Johnson can be very funny about her own determination to embrace life on Kythera versus her mother’s lack of interest in its people and its history. She also makes it easy to understand both attitudes. It is not difficult to see how a self-contained woman of eighty-five, stranded in a strange place without language, without landmarks of life that she recognises, could easily be exasperated by a daughter who remains doggedly romantic in the face of such problems as electricity failures and malfunctioning sewerage; one who has been deprived of her maternal authority by a daughter who calls the shots. And what’s nice, too, is that Johnson doesn’t let herself off the hook. She’s candid about her own faults and shortcomings, and her own frankness is never preening.

Part of Johnson’s reason for being on Kythera is to investigate the tragic life story of Rosa Kasimati, the Greek-born mother of the writer and translator Lafcadio Hearn, who was separated from her family for years and who never found a place for herself. Presumably Johnson wants to explore themes of exile and longing. This is interesting enough and it adds some depth, but it feels tacked-on and Rosa the ‘lost invisible’ never really comes to life. Johnson does explore what it means to be in a place without language, deprived of more than simply words, but she always brings it back to her own experience.
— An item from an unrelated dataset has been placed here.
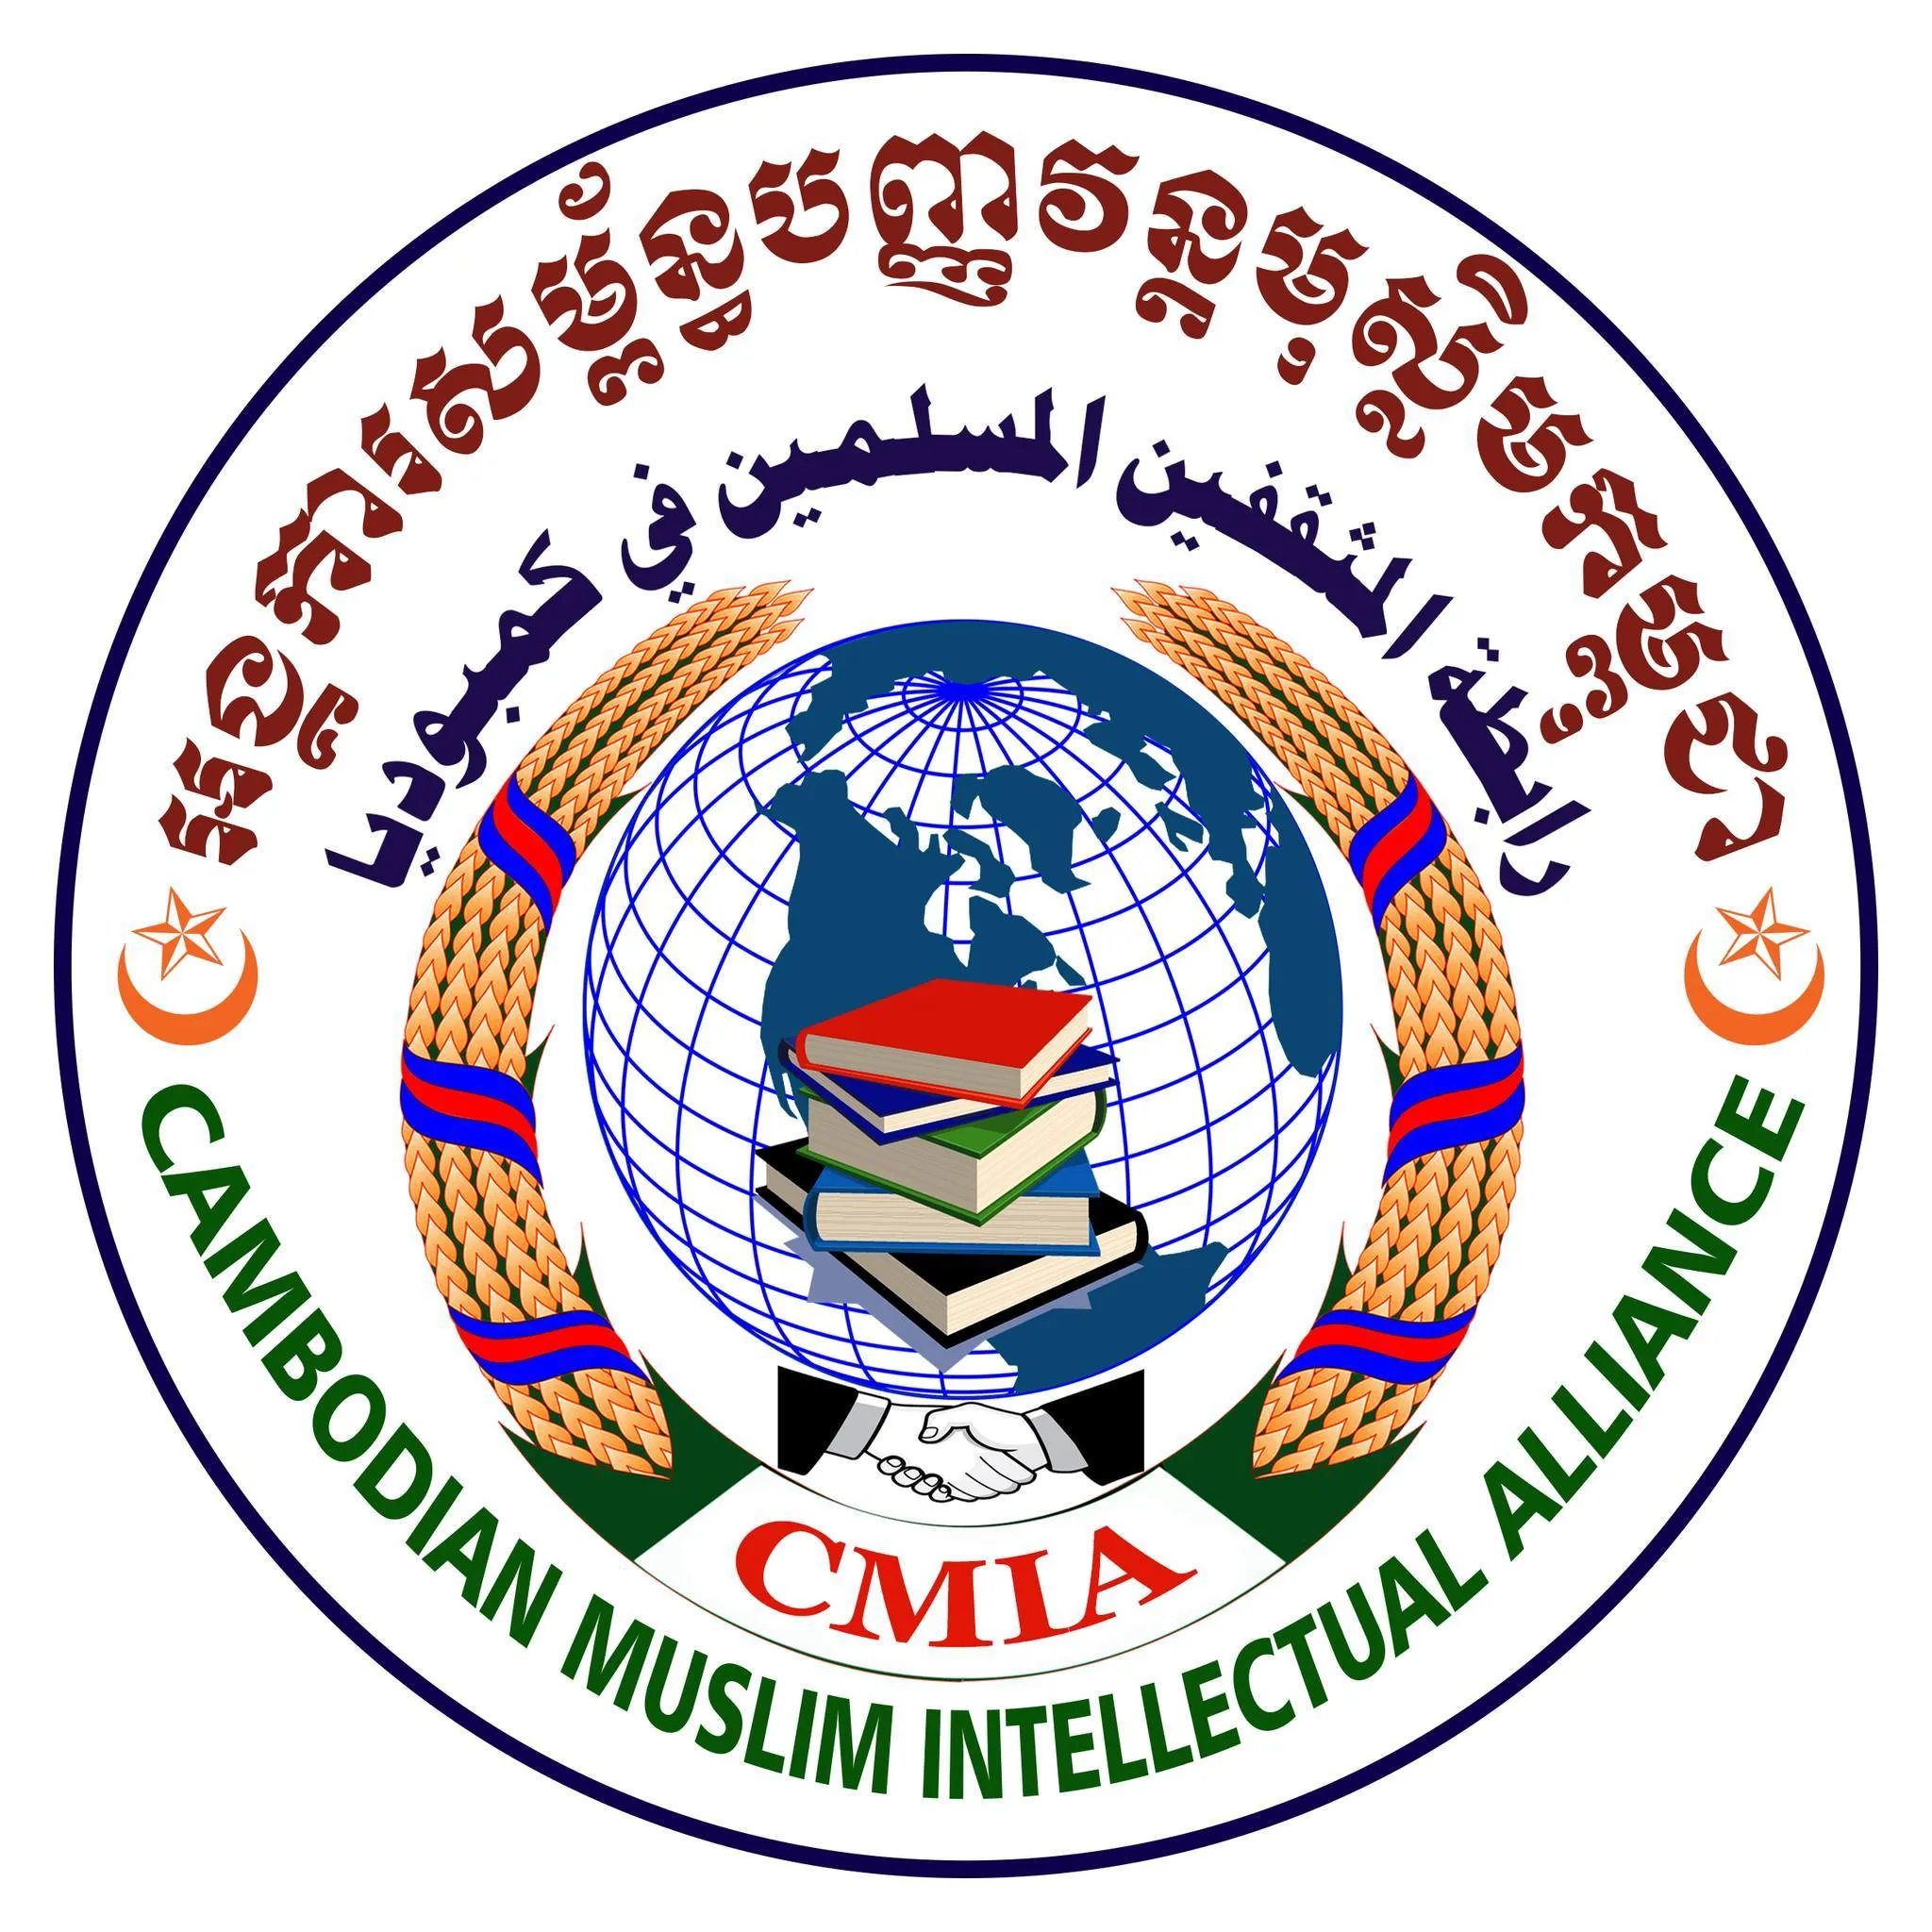 Cambodian Muslim Intellectual Alliance

Johnson’s writing really takes off when she describes the island. Along with the evocation of sky and sea and landscape she writes about something that travelogues about Greek islands never mention: the number of houses with ‘rain-swollen doors you could push open, kitchens with hand-stitched curtains rotting at the windows’ – the abandoned and neglected houses scattered over the island. These are the places where the musty air is heavy with the silent presence of people who have left in search of a better life – the untold stories of the Greek diaspora.

But sustained introspection is not Johnson’s business here. Despite her often spiky subject matter – and the sadness of the book’s ending – her writing is always engaging. There is the odd gracefully evocative passage that means less than the sum of its parts – an occasional hazard of literary writing – but these are rare. One minor cavil is the rather clumsy treatment of Greek words in the text: first the script, then the phonetic pronunciation, followed by the meaning in English.

But these are small points. Johnson’s delineation of the complications of the mother–daughter bond is subtle and perceptive, and she writes with a nice, airy buoyancy throughout. It’s a book of many pleasures.